I was talking to a friend who is the Market Access Director for a small biopharmaceutical company that is close to filing an NDA for a first-to-market product in a rare disease with a high level of unmet need. It was exciting to hear him present the drug’s promising clinical trial results–I’m so excited for all the patients who could benefit from this drug! My friend seemed equally as excited.
Then, I asked him, “Will you have any competition?” He confidently responded that their product would be the first and would be followed by 3 other products, but not for at least another 6 months. This scenario sounded like a rerun of my market access experiences in long-acting injectable antipsychotics, hepatitis C drugs, and immunotherapies in oncology.
Sure, he may avoid market pressures for the first 6 months, but what then? Once the competitors start marching in, payers will view his product and all of his competitors’ products as the same, and will engage in a price war in a race to the bottom. This will not only pose a blow to his organization, but contribute to the gross-to-net bubble problem (discussed in a previous blog) which increases overall health care costs for the nation.
That’s why it’s important to keep an eye on the rear view mirror.
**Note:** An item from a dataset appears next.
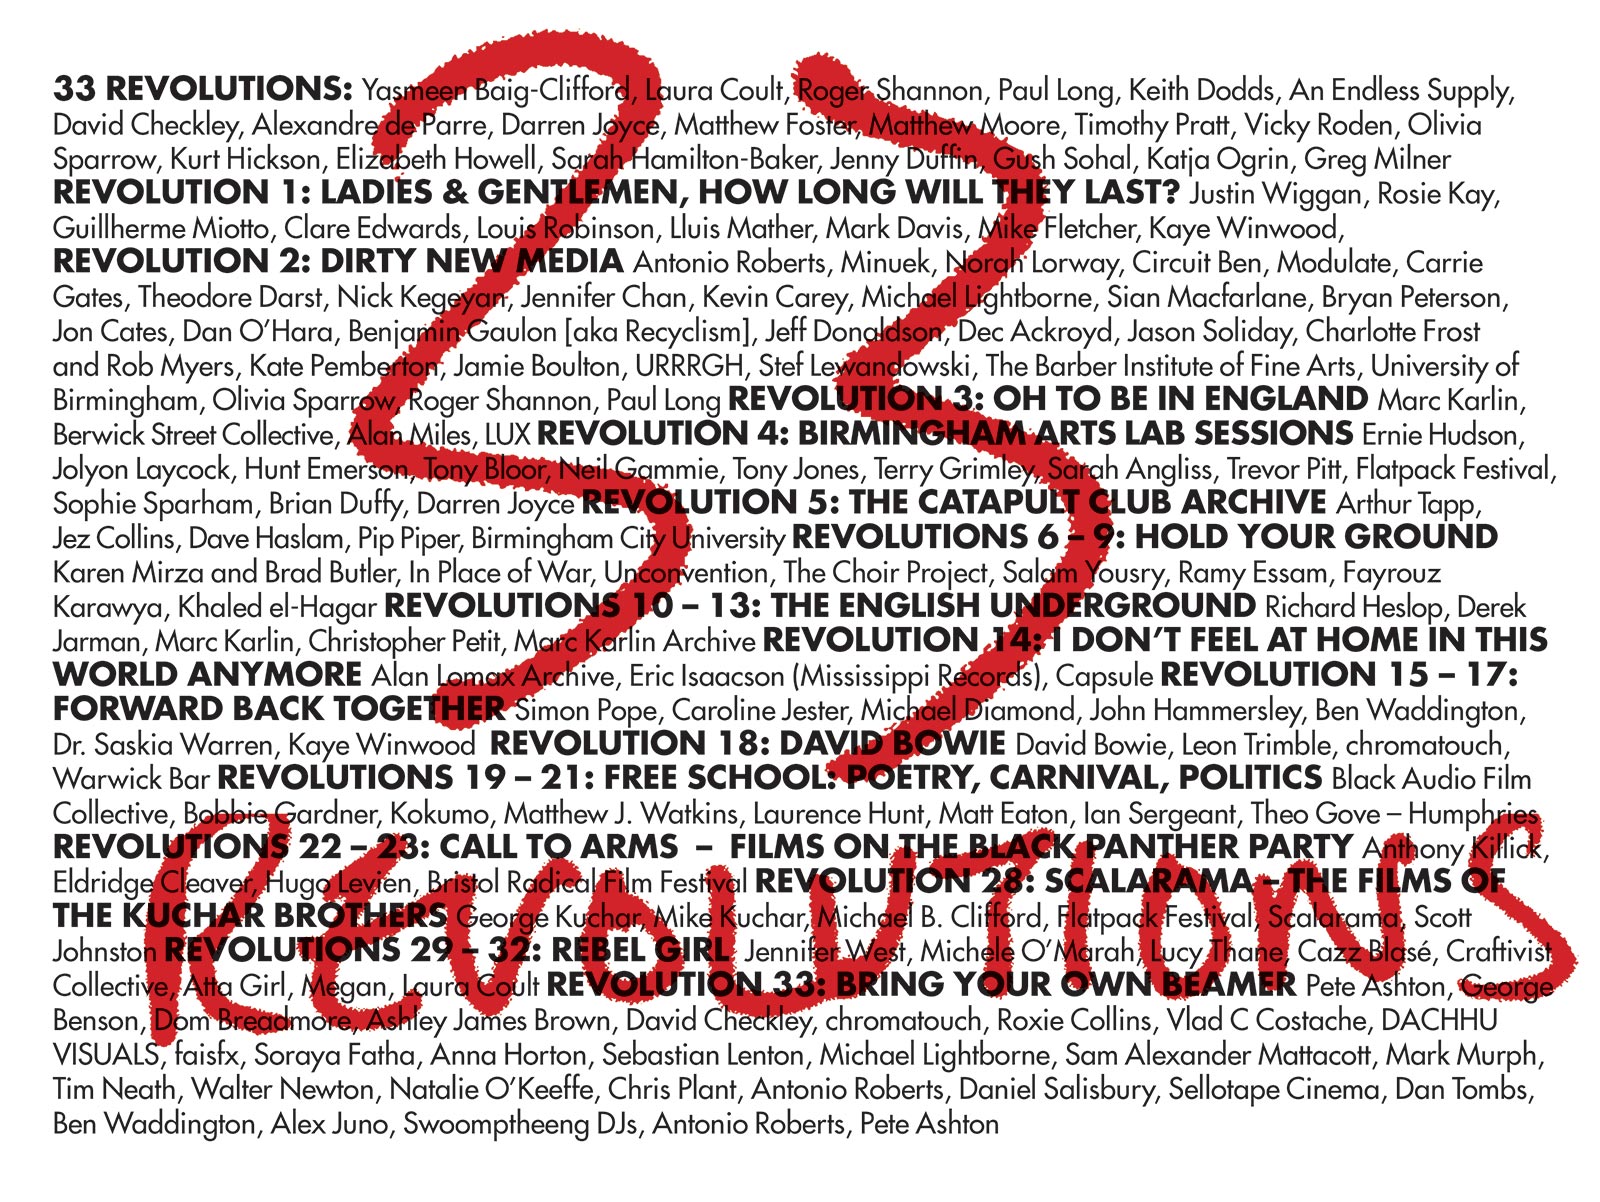 33 Revolutions

Doing so enables market access strategists to condition the market in their favor for situations foreseen in the near future. The rear view mirror should give information about the competition’s product profile and product journey. The driver (market access strategist) would then study the rear view mirror to identify opportunities and act on them appropriately.
In my friend’s example, the competitors have a high incidence of acute kidney injury, which is already a significant concern for this patient population. Fortunately, his drug had no reported incidence of acute kidney injury. Great…now we were getting somewhere.
It’s time to make big strides and turn heads–let’s go.